4. The “NewsAndWeather” service then combines the responses from both these services and returns a concise response back to the invoking service.

 

CRM App

The CRM App is sample application that uses SalesForce CRM as the back end and shows the capability of the MobileFabric in identifying the exposed services via business connectors. It also shows how to configure the retrieved data and provide it to the client app for online use.

The CRM application of the MobileFabric that is configured in this test drive, will demonstrate the capability of the MobileFabric to discover and display the data of the SalesForce back end services.

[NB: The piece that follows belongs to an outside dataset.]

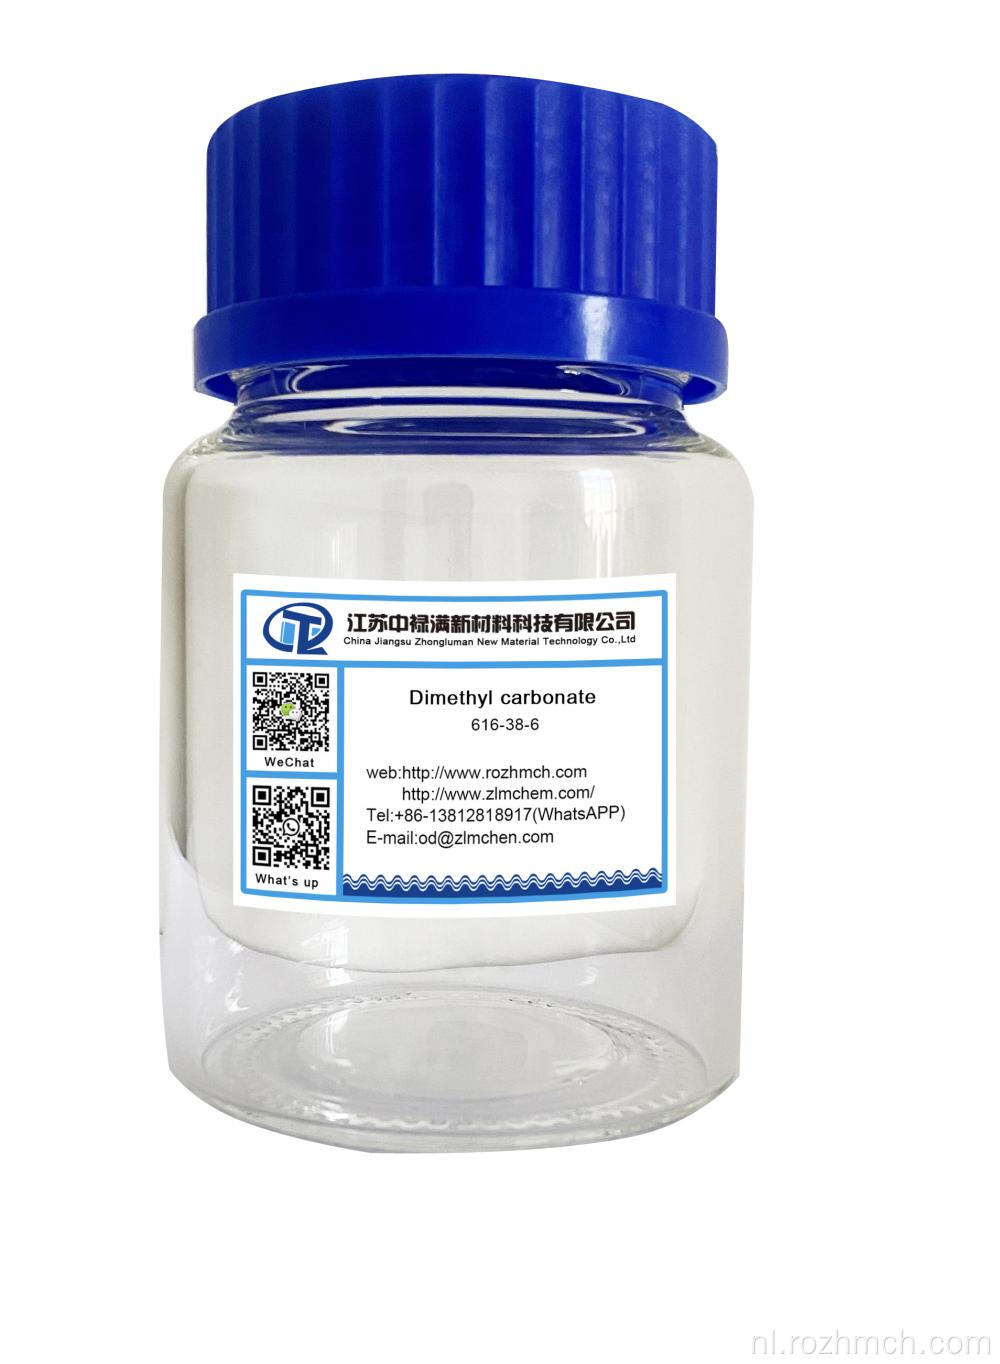 Dimethylcarbonaat DMC CAS nr. 616-38-6

For the CRM application, the test drive walks you to first sign up for a SalesForce trial account, create a new app in the SalesForce which will provide the consumer key and consumer secret, white list the IP address of the test drive’s MobileFabric in SalesForce, modify the existing identity service of the MobileFabric with the new consumer key and consumer secret, modify the existing services of SalesForce with the new SalesForce user id and password and launching the Cordova client application in an android emulator.

This test drive also covers the steps needed for the minimal configuration of the MobileFabric services, which connect to the SalesForce back end and retrieve the data. We will also take you on a quick tour of how a new MobileFabric service is created and tested and also provide a quick review of the Cordova client side code of CRM App.

When a new SalesForce account is created, SalesForce populates the objects with data. For this lab, we will leverage this existing SalesForce back end data of the new account.

The CRM App will use one identity service and three integration services that will be setup and configured on the test drive’s AWS cloud of the MobileFabric. The identity service will use the built in SalesForce adapter along with the user’s SalesForce credentials to connect to SalesForce. The integration services will discover the metadata of the exposed objects of SalesForce and provide the operations, which will be invoked by the Cordova client application.

 

 

Below is the quick overview of the functionality provided using the services that are the set up

in the MobileFabric test drive.

1. The client side Cordova application connects to the MobileFabric using the app Key and app Secret of the published MobileFabric application. 

2. The MobileFabric’s identity service that is configured with your SalesForce Customer Key and Secret will authenticate against SalesForce’s authentication mechanism.

3. The ContactIntgServiceTD, AccountIntgServiceTD, OpportunityIntgServiceTD and LeadIntgServiceTD services that are set up in MobileFabric will discover the metadata of the Contact, Account, Opportunity and Lead objects of SalesForce and will perform the required response XPath mappings.

4. The ContactIntgServiceTD, AccountIntgServiceTD, OpportunityIntgServiceTD and LeadIntgServiceTD services return the data that is needed by the Cordova client application.